Qualified Education Expenses - Scholarships & Grants

American Opportunity & Lifetime Learning Tax Credit

I’m a big fan of tax credits. Specifically education tax credits. These can be utilized to help offset taxable liability for parents sending children to college. They can also be utilized by adults returning to school. But you must understand that not every expenses qualifies. To make sure you’re doing this correctly, check the chart below and understand which expenses qualify.

Qualified Education Expenses - Tax Credits

Student Loan Interest Deduction

When it comes to qualified education expenses, no definition is more generous than the student loan interest deduction’s definition. These cover all the necessary expenses you can imagine. You must use a qualified student loan, which is another factor. But generally speaking, the student loan interest deduction allows for the maximum usage of qualified expenses.

Qualified Education Expenses - Student Loan Interest Deduction

Coverdell ESA

While the Coverdell ESA has been replaced in practice by the 529 plan, it still exists for a number of accountholders. While it isn’t as flexible as the 529 plan, it does offer some benefits. One major benefit allowed by the Coverdell is the flexibility of what is a qualified payment.

NOTE: Transportation is considered a qualified expense, but only for eligible elementary & secondary schools.

Qualified Education Expenses - Coverdell ESA

529 Plans

529 plans are also referred to as Qualified Tuition Plans. These plans offer major flexibility and are great ways to save for college. In recent years, the IRS has expanded the definition of qualified expenses. These include tax free beneficiary transfers, student loan payoffs (up to $10k lifetime), and even a rule allowing transfers/rollovers to Roth IRAs. I do believe they are best used for college expenses, however, and the chart below confirms that.

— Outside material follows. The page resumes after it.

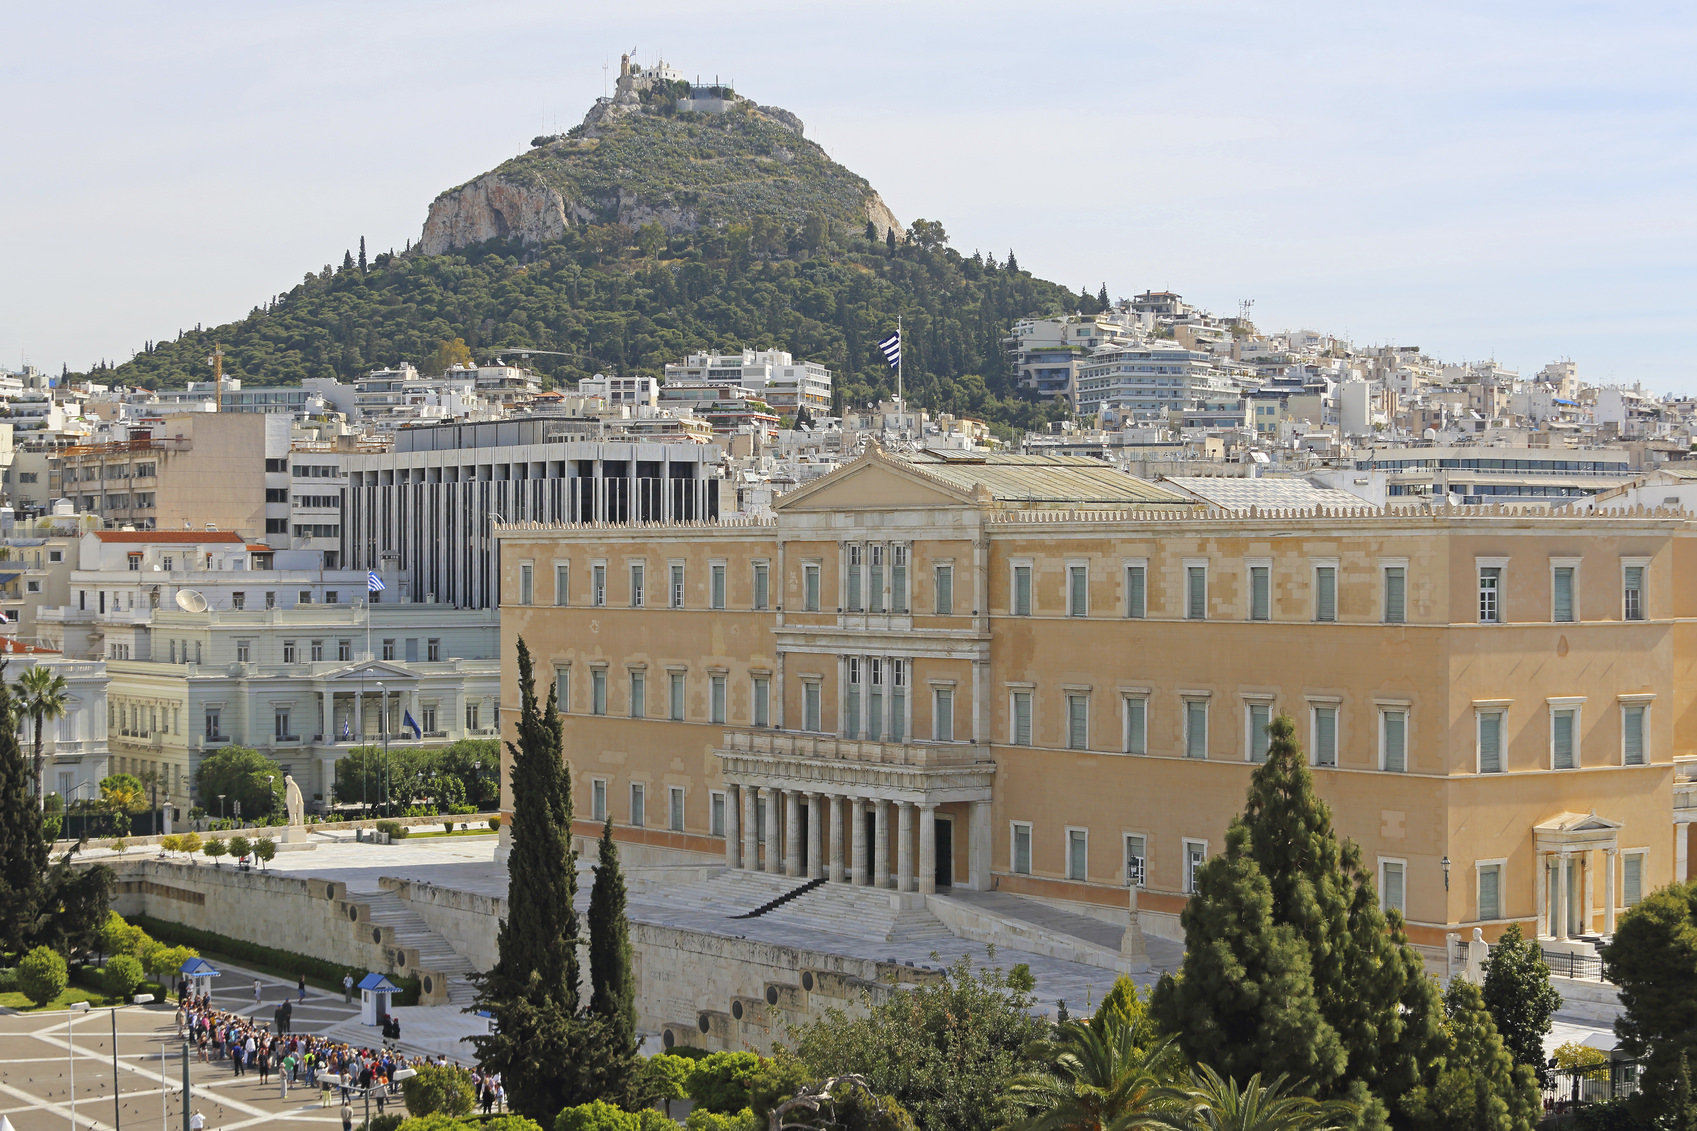 Athens, Greece - May 02, 2015: Tourists in front of Greek Parliament and Mount Lycabettus in Athens, Greece.

Qualified Education Expenses - 529 Plans

Non-Parent Gifts for College

The IRS does allow non-parents to make tax-free gifts for college. While it is only tuition it allows, this can be a great way for grandparents to help pay for college. It’s become more and more popular to see grandparents save in 529 plans, but this plan can allow grandparents to also pay for schooling in a tax-efficient manner.

Grandparent gifts

Early IRA Withdrawals

IRA stands for Individual Retirement Account. So why are we talking about IRA’s and college funding? Well the IRS allows for a waiver of the 10% penalty if the funds are used for college expenses. That does not mean that you should do this, and the growth is taxable as income. But the waiving of the 10% penalty can help offset an otherwise taxable penalty. It is also a popular way for children to pay for college if they have an IRA.

IRA Penalty

Education Savings Bonds

While Education Savings Bonds are no longer a popular way to save due to income requirements and better ways to save for college, they do still exist. Below, you’ll see they’re not overly flexible when it comes to paying for college.

Education Savings Bonds

Employer-Provided Educational Assistance

A great way to pay for college is to have your employer help front the bill. It can be great for both the employer and employee when it comes to saving on taxes. It also can help strengthen the retention between employer & employee, which is needed in today’s day and age. Here are the expenses available.

Employer Provided Educational Assistance


The IRS thankfully gives us an idea of what qualified education expenses are, but they can be confusing across so many different ways to save and pay for college. Knowing how to properly include educational expenses is critical to avoiding penalties in event of an audit. Staying up to date while saving on taxes is critical to help paying for college.